I am trying to do a sample project on Melanoma(the one from kaggle). Using tf.keras.utils.image_dataset_from_directory I got the train_ds but I would like to get print out how many images belong to each class. Example: actinic keratosis : x images basal cell carcinoma : y images
The code I used to load the data is
data_dir = pathlib.Path("Train\\")
batch_size = 32
img_height = 180
img_width = 180
train_ds = tf.keras.utils.image_dataset_from_directory(
data_dir,
validation_split=0.2,
subset="training",
seed=123,
image_size=(img_height, img_width),
batch_size=batch_size)
This gives me this output
Found 6739 files belonging to 9 classes. Using 5392 files for training. and this:
class_names = train_ds.class_names
print(class_names)
gives me the name of the classes
How do I see how many images belong to which class? One way of doing this is realized is by counting the files under directory using the code below(taken from github)

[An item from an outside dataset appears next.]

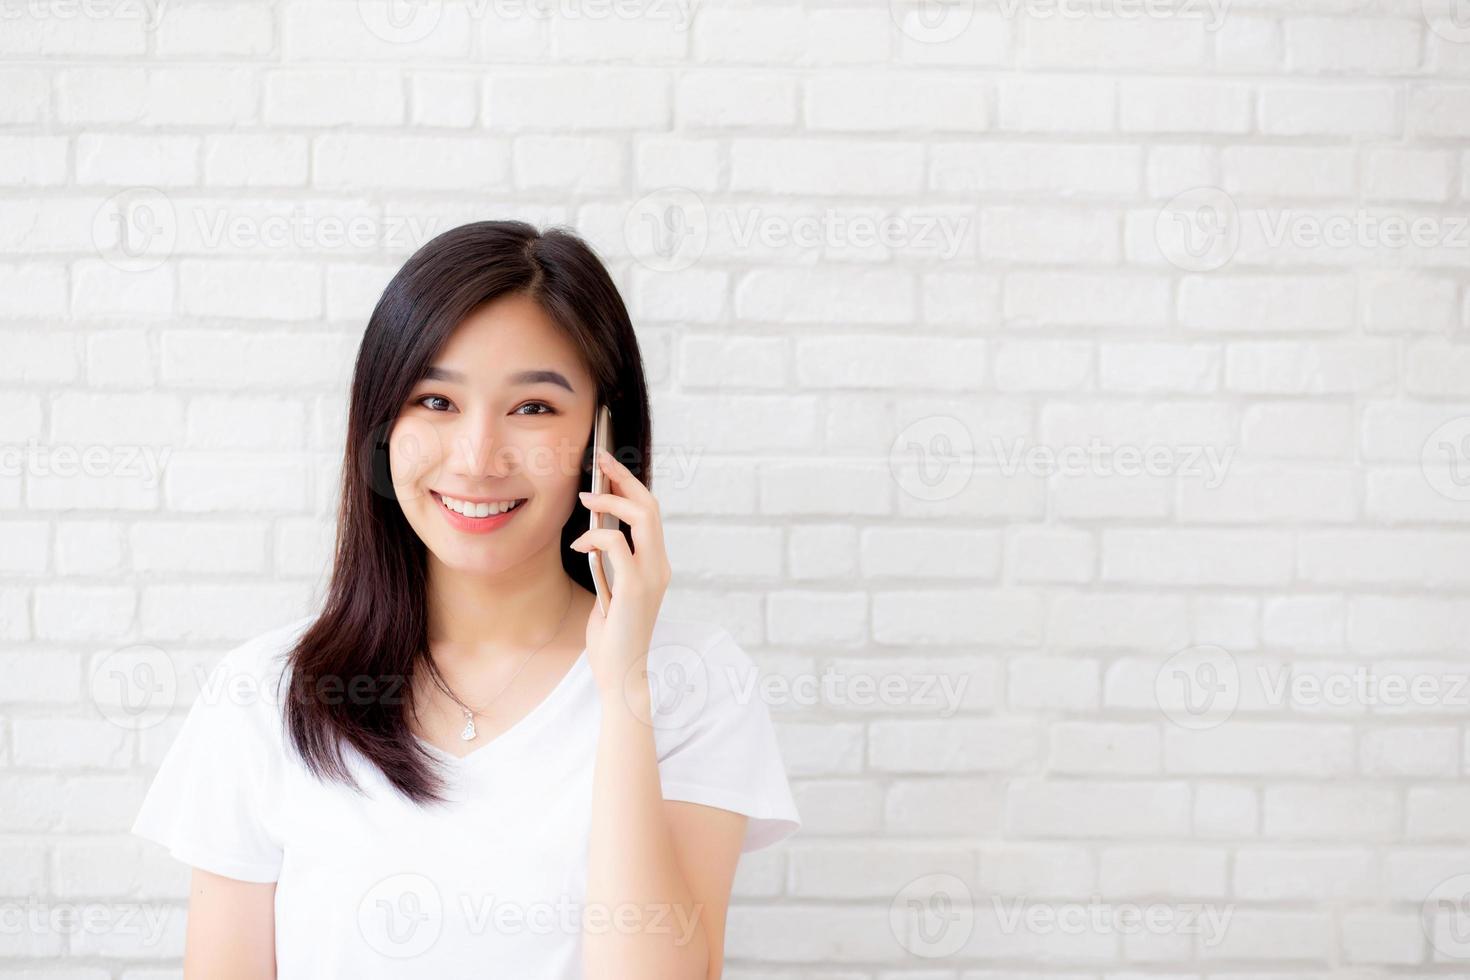 belle de portrait jeune femme asiatique parler téléphone intelligent et sourire debout sur fond de brique de ciment, femme indépendante appelant le téléphone, communication du concept mobile. photo

def class_distribution_count(directory):
count= []
for path in pathlib.Path(directory).iterdir():
if path.is_dir():
count.append(len([name for name in os.listdir(path)
if os.path.isfile(os.path.join(path, name))]))
sub_directory = [name for name in os.listdir(directory)
if os.path.isdir(os.path.join(directory, name))]
return pd.DataFrame(list(zip(sub_directory,count)),columns =['Class', 'No. of Image'])
df = class_distribution_count(data_dir)
df
But I am trying to see if there is a way to get this without having to read the files in the directory but directly from the keras dataset.
Thanks In Advance
I also tried this
import pandas as pd
dataset_unbatched = tuple(train_ds.unbatch())
labels = []
for (image,label) in dataset_unbatched:
labels.append(label.numpy())
labels = pd.Series(labels)
count = labels.value_counts()
print(count)
But I got a list of values not label names
CodePudding user response:
Just replace the index
of count
with the train_ds.class_names
like this:
import pandas as pd
dataset_unbatched = tuple(train_ds.unbatch())
labels = []
for (image,label) in dataset_unbatched:
labels.append(label.numpy())
labels = pd.Series(labels)
# adjustments
count = labels.value_counts().sort_index()
count.index = ds.class_names
Make sure to sort the index beforehand because it's sorted either by frequency or first occurrence.